NVVM-to-LLVM conversion is deliberately mechanical. Each nvvm.X op has a single registered lowering: a direct call @llvm.nvvm.X intrinsic when LLVM exposes a matching intrinsic, or an llvm.inline_asm with a hard-coded PTX template otherwise. A third path expands into ordinary llvm dialect ops for the few cases that aren't a single instruction (e.g. nvvm.shfl.sync synthesised broadcast loops).

The choice is fixed per op at registration time. The conversion driver walks each nvvm.* op, looks up the op's OperationName in the dispatch map, and invokes the matching rewrite:

LogicalResult lower_nvvm_op(Operation *op) {
    const NvvmLowering *entry = lookup_by_operation_name(op->getName());
    require(entry != NULL);

    switch (entry->kind) {
        case NVVM_DIRECT_INTRINSIC:
            return replace_with_llvm_intrinsic_call(op, entry->intrinsic_id);
        case NVVM_INLINE_ASM:
            return replace_with_inline_asm(op, entry->ptx_template, entry->constraints);
        case NVVM_LLVM_EXPANSION:
            return entry->custom_expand(op);
    }
}

The dispatch map is built once at dialect-load time from the TableGen records: each record declares dialect="nvvm", an op mnemonic, an LLVM intrinsic ID (or an inline-asm template + constraint string), and the kind. Lowering reads each field straight out of the entry. No layout, scheduling, or pipeline policy is reinferred here — earlier dialects must already have committed to the target operation.

After the sweep, no nvvm.* op survives.

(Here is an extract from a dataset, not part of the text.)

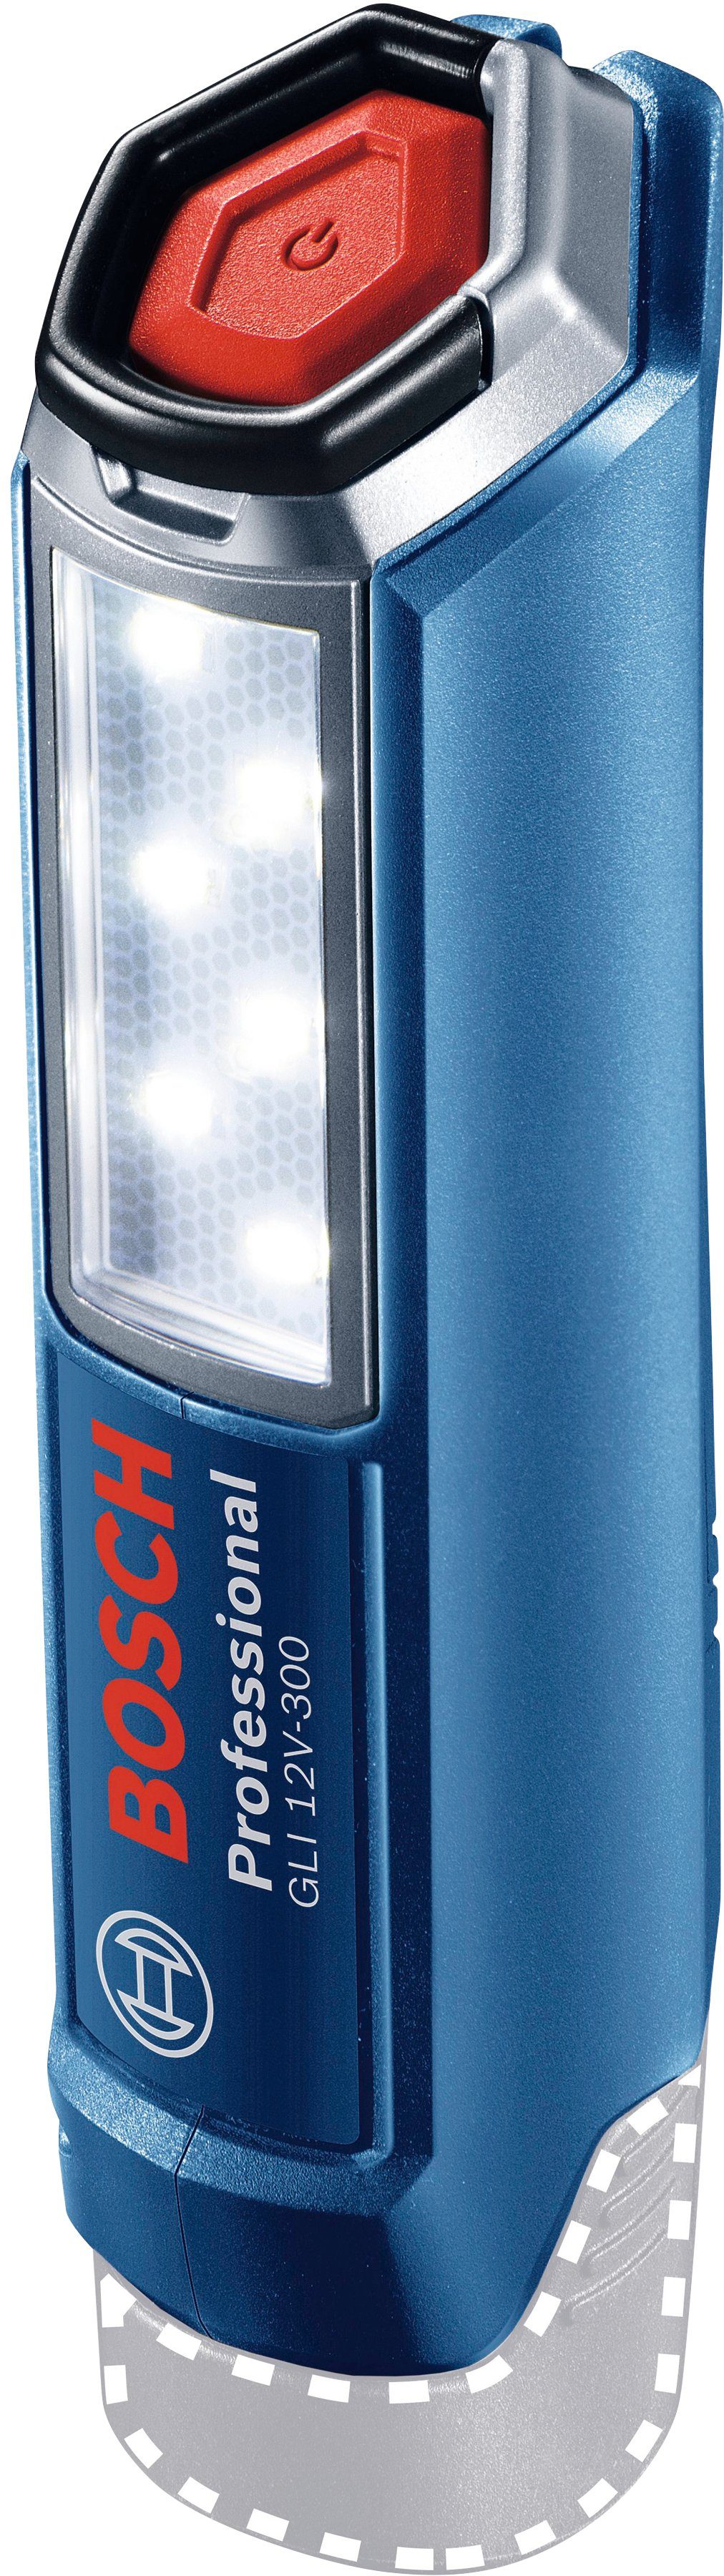 Bosch Professional LED Arbeitsleuchte GLI 12V-300, LED fest integriert, 12 V, 300 lm, ohne Akku | Arbeitsleuchten

The verifier check that follows the sweep treats any remaining nvvm.* op as a missing pattern, not as a default-illegal op.

Verifier Invariants

The verifier rejects anything that cannot be legally translated to the selected target:

  • intrinsic operand counts and result counts match the selected intrinsic;
  • pointer address spaces are explicit and legal for the operation;
  • memory scopes and memory-ordering attributes are compatible;
  • MMA and WGMMA shapes are supported by the target;
  • sparse and block-scaled MMA forms carry the required metadata operands;
  • TMA and async-copy operands have valid descriptor, barrier, and memory-space types;
  • special-register reads are valid for the target and execution model;
  • inline-PTX operations have complete constraint strings and result types;
  • operations requiring a newer SM generation are not emitted for an older target.

This is the last MLIR-level diagnostic point before LLVM IR and the machine backend. A good error here names the semantic mismatch, not just the intrinsic.

Target Attributes

nvvm carries the target attributes that make the LLVM handoff meaningful: architecture (nvvm.target = "sm_90a"), PTX version, feature flags (+ptx80, +tmem, ...), kernel markers, launch bounds, cluster dimensions, and assorted function- and module-level properties. Earlier passes set these through gpu.module and conversion interfaces; by the time the LLVM module materialises, the NVPTX backend has to recover a concrete subtarget from them.

The attributes are plain string / integer / array attributes attached to the gpu.module or func.func parents — the NVPTX backend reads them from the LLVM module's metadata after MLIR-to-LLVM translation. Missing or contradictory attributes here are silent disasters: the backend still receives syntactically valid LLVM IR, but generates code for the wrong target contract. The verifier rejects the obvious cases (no sm, no ptx), and the NVPTX subtarget feature matrix lists which features each SM accepts.